I’m going to finish with a little tidbit about autism because of the recent win and what it has revealed about the link between vaccines and autism. When forced to produce the evidence that vaccines have been exonerated from being a cause of autism, the government produced 20 studies total. Most of them look at MMR and thimerosal (no longer in most vaccines other than the TDaP and multidose flu shots). There is one antigen study which is irrelevant to the question of whether we’ve studied all vaccines for their possible relationship with autism as antigens are just one component of a vaccine and in the study, both groups received vaccines. Not to mention, most of us aren’t worried about antigens. It’s the other ingredients we have a problem with. 2 studies that were not a part of this list were this study showing a 3-fold increased risk for autism from the hepatitis b vaccine given on day one of life, and this study discovering an increased risk (1.2) of autism diagnosis if the mother received a flu shot in her first trimester of pregnancy. The one study that mentions the DTaP vaccine states, “insufficient evidence to support or deny an association between diphtheria, tetanus, and pertussis containing vaccines and ASD.”

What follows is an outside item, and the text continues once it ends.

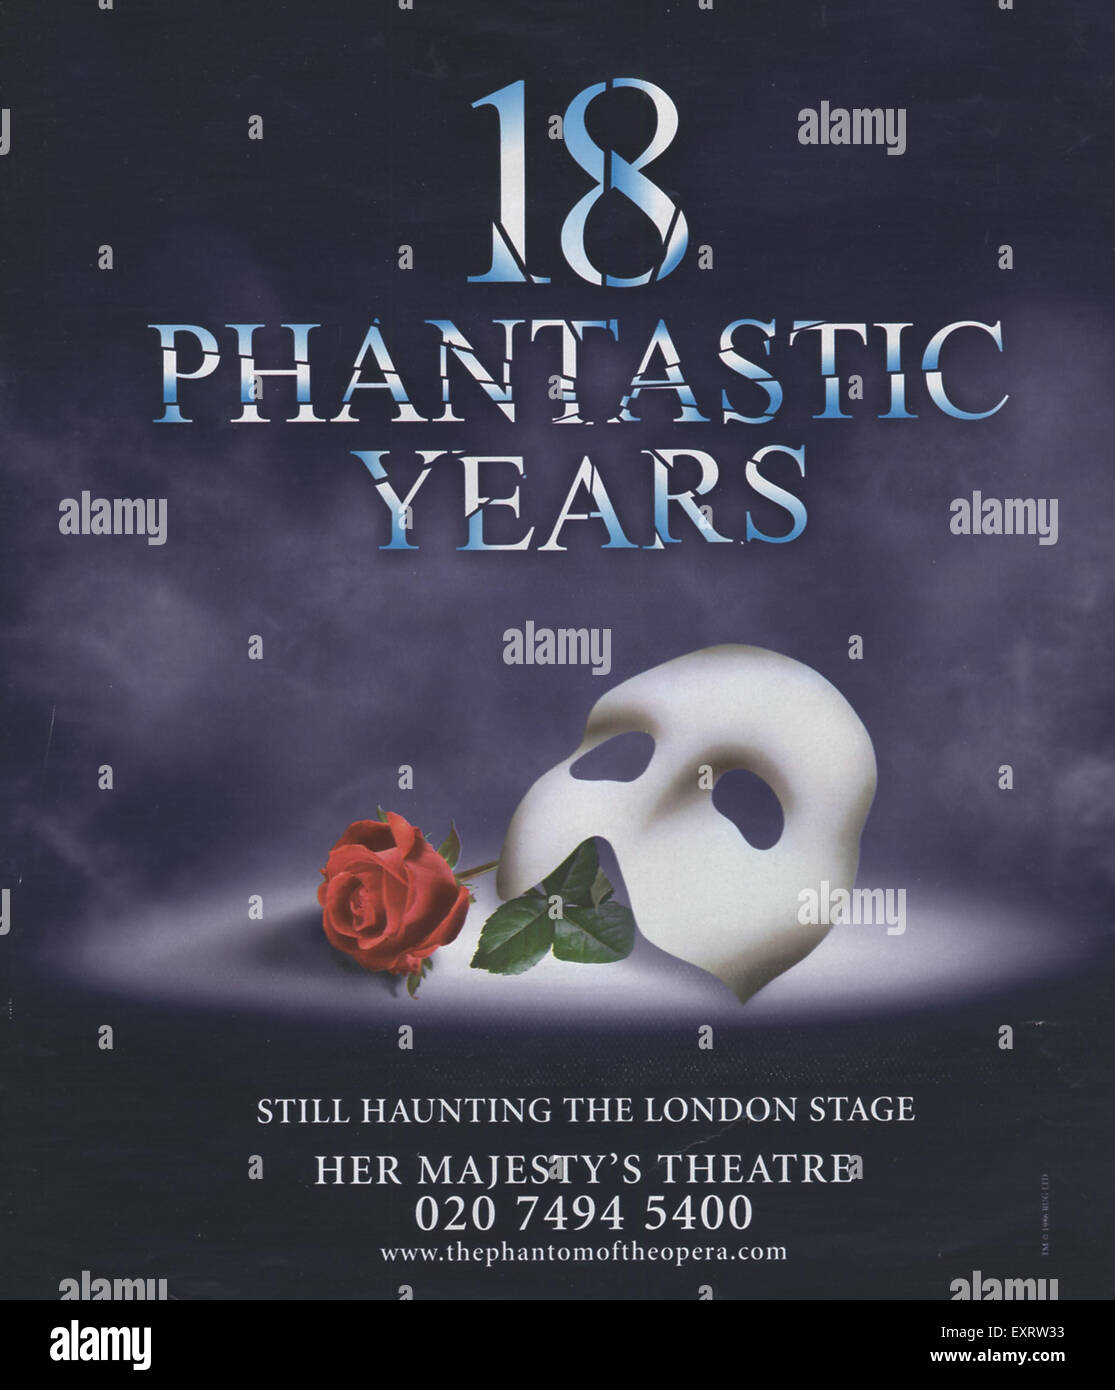 2000s UK Phantom Of The Opera Magazine Advert - Stock Image

So to sum up, the DTaP has never been studied for its relationship with autism, the studies we have on hepatitis B and the flu shot are more incriminating than exonerating, and that leaves us with questions (and no scientific answers) on rotavirus, polio, HIB, and pneumococcal vaccines, all of which are given before 6 months of life and could very easily play a role in autism, especially those that contain aluminum (spoiler alert, all of them do except for rotavirus).
In conclusion, the dangers of injected aluminum are extremely well documented with seemingly more studies coming out by the week. So far, these studies are mostly ignored, and the world continues on, vaccinating over and over for they know not what. The main point of this post is that one can no longer make the statement that aluminum in vaccines has been proven safe. The one study relied upon to make this statement does not apply to vaccines as most vaccines are not ingested. And even if it did, there is so much science showing the exact opposite now available that it calls into question anyone who makes this statement as either ignorant of the science or willfully dishonest.
The science is there. Read it and decide accordingly.